The CI is computed alphabetically by category level, which means it is computed as \(\pi_{\text{Adult}}-\pi_{\text{Teen}}\). We can compute this difference using the sample means. In the output we see the average IQ change for adults (\(-2.07\)) is a smaller decrease than it is for teens (\(8.26\)). The difference in sample means is \(-2.07--8.26=+6.19\). So a positive difference between means suggests that the adult group has LESS of a decrease in IQ than the teen group.
Because both the lower and upper bounds of the CI are positive, it means that the data suggest that people who become persistent marijuana users as an adult have, on average, LESS of a decrease in IQ than people who become persistent marijuana users as a teen.
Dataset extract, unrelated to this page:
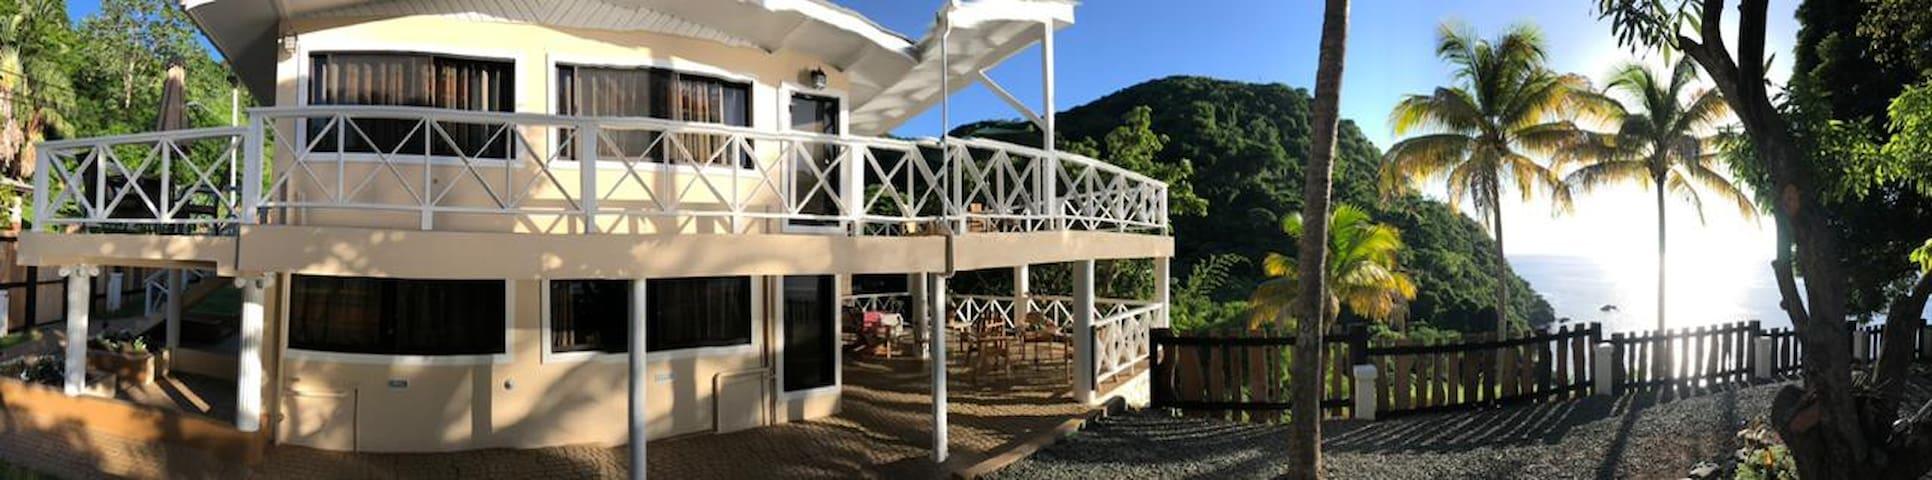 Castara Inn, Tobago, relax in paradise.

And this difference might be as little as 1.11 IQ points or as large as 11.27 IQ points.
Be very careful when the means are negative and you are computing or estimating a difference. Interpretations can be tricky and it may take some thought in how you interpret findings.
In Section 10, we carried out a one-sample t-test to evaluate whether Ethiopian primary teachers are measuring students’ prior knowledge. The evidence from this test suggested that the empirical data were consistent with the hypothesis that the average response for all Ethiopian primary school teachers is 2.5 suggesting we were uncertain about whether, on average, they were measuring students’ prior knowledge. Compute a CI for the average response score for Ethiopian primary teachers.
Rows: 30 Columns: 3
── Column specification ────────────────────────────────────────────────────────
Delimiter: ","
dbl (3): prior_knowledge, only_achievement, prompt_feedback
ℹ Use `spec()` to retrieve the full column specification for this data.
ℹ Specify the column types or set `show_col_types = FALSE` to quiet this message.
# One-sample t-testmy_t <-t_test(~prior_knowledge, data = continuous_assessment, mu =2.5, alternative ="two.sided")# Compute CIconfint(my_t)
Based on the output, the CI for the average response score is \([2.10,~2.77]\).
Use the CI to compute the margin of error. Remember a CI is computed as \(\text{Sample Estimate} \pm \text{Margin of Error}\).
The sample estimate (\(\bar{x}\)) is 2.43. Computing the distance from this value to the upper bound (orto the lower bound) will give us the margin of error.